You see, when change batters as it did us, you lose your sense of self. My identify was carved neatly of my role as wifemotherwriter (and sometimes glass artist). The order, the peace, the predictability of my life was the backdrop upon which I interpreted those roles. There was time and space for each. But circumstances picked us up and tossed us hither and thither, like a souvenir Parisian snow fall in a globe. Except the blizzard was relentless; you crawl out dazed and bruised and confused. You’re still a wife. (And you wonder if your marriage is better for the experience or worse? Can I believe that because we survived the storm, it’s a good marriage?). You’re still a mother (though you know that because you were so busy trying to clutch at the flotsam and jetsam of your life as it floated by, you haven’t always been a good mother). But the writing has gone to pot; I could not organise my thoughts, the words, when they rarely came, danced about taunting and disobedient . And as for the glass …

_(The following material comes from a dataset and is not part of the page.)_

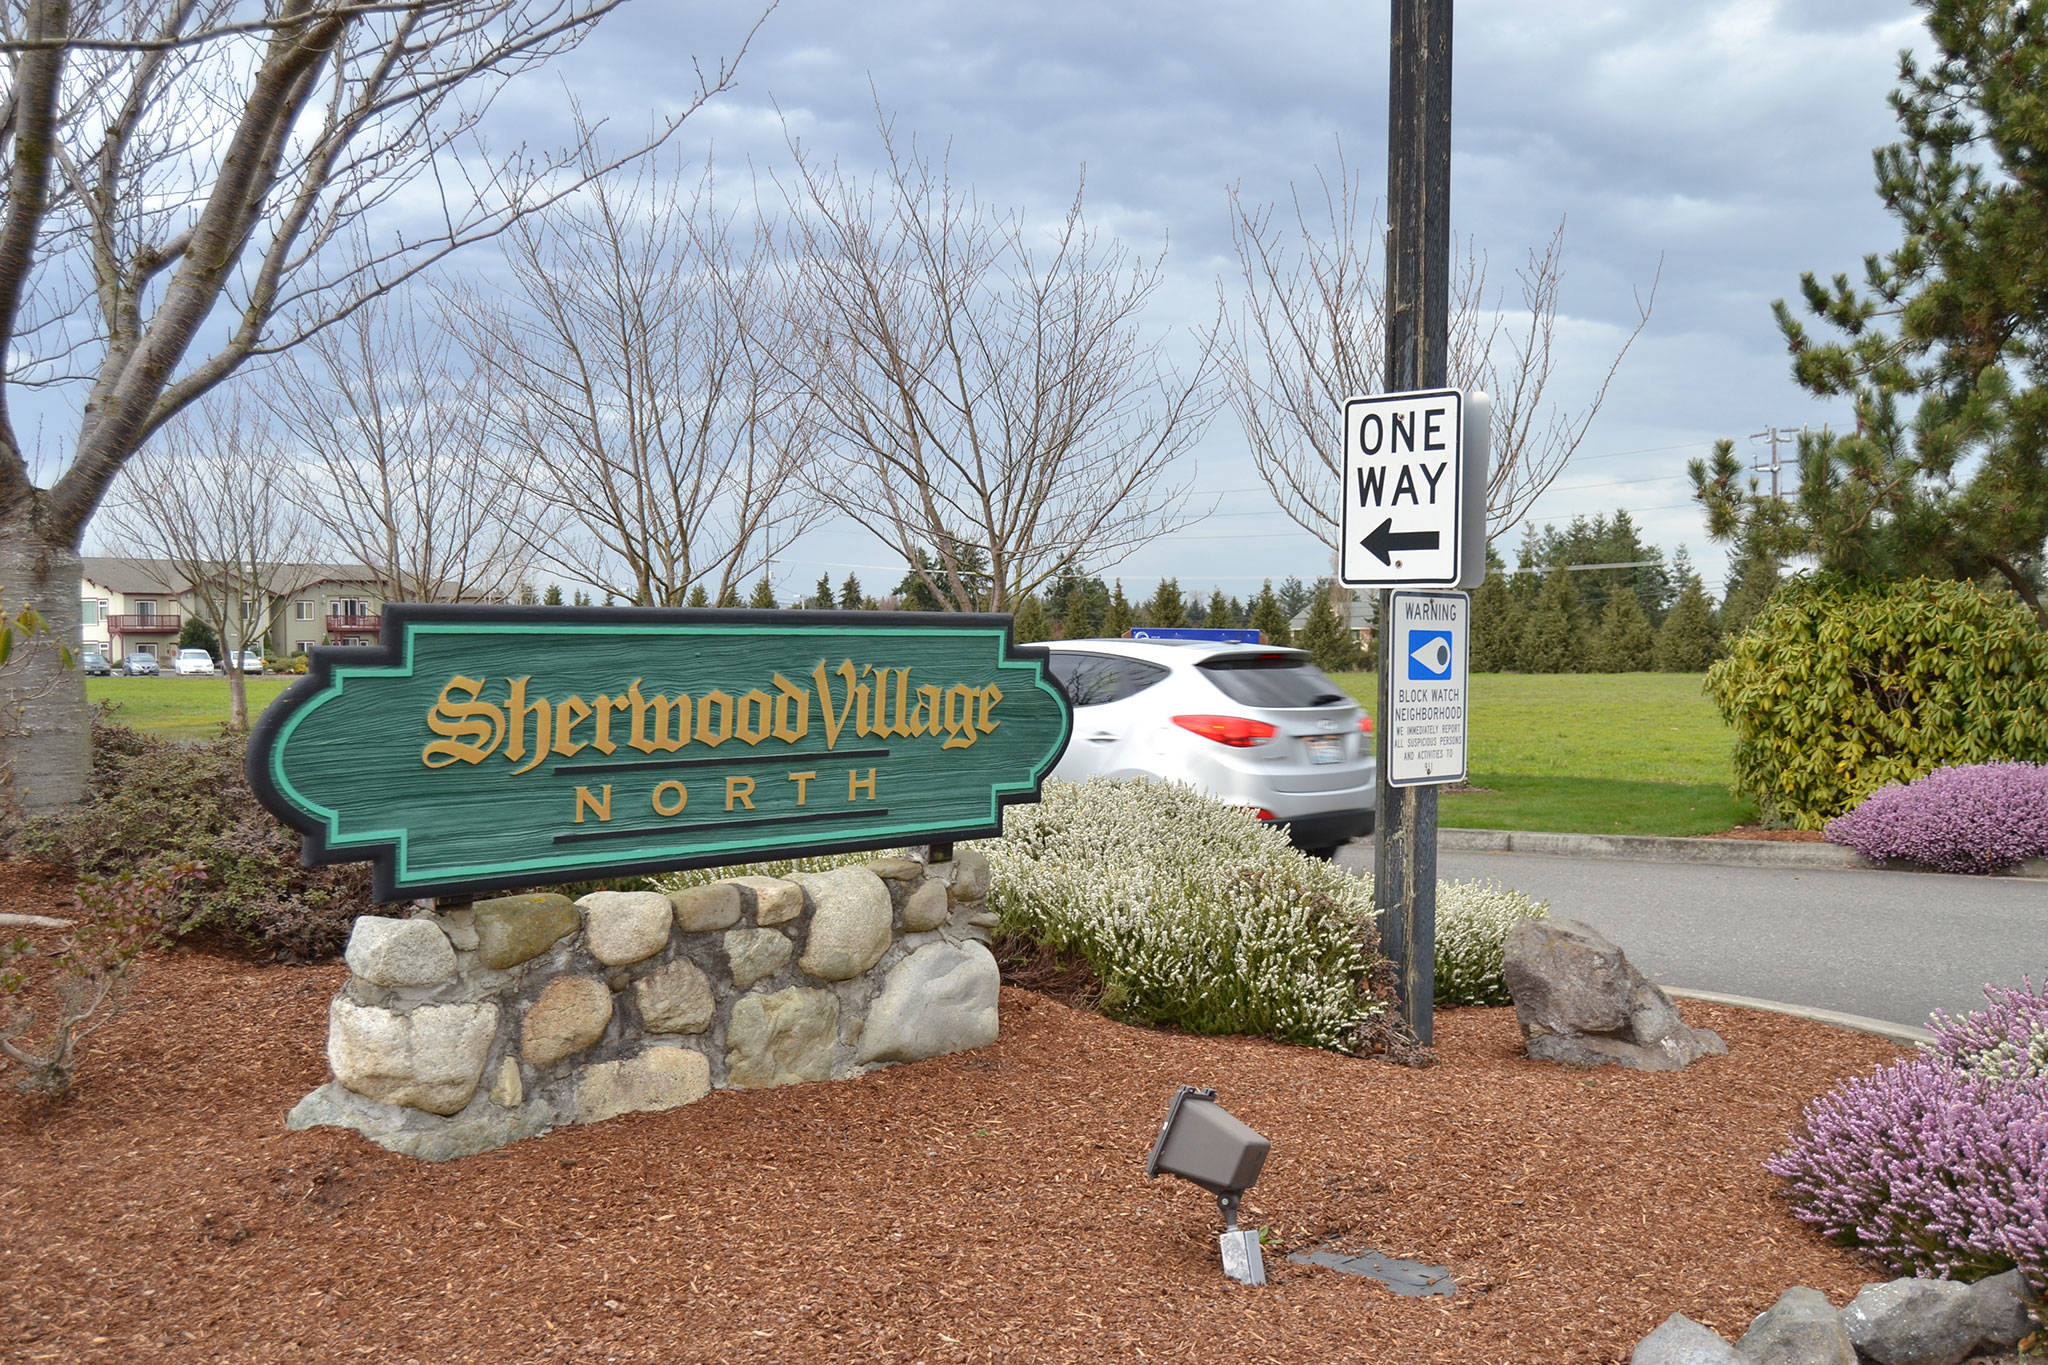 Sequim City Councilors unanimously approved construction for the final portion of Sherwood Village on March 12. Devon Court will feature 10 buildings with 20 condos for senior citizens looking for more affordable housing, says its developer Bill Littlejohn. Sequim Gazette photo by Matthew Nash

I am apparently emerged from the crises. But I am not unscathed. I feel potholed. The urge to patch up bits of myself so that I might be whole again is enormous.  But it is hard to know where to begin. Returning regularly to my blog seemed like a good place to start?  If I can string a sentence, I tell myself, beads scattered upon a floor carefully collected and rethreaded, will I be able to gather up the rest of myself?

So I shall aspire to find my seat in this little boat. I shall nervously try to settle myself and I shall look determinedly ahead.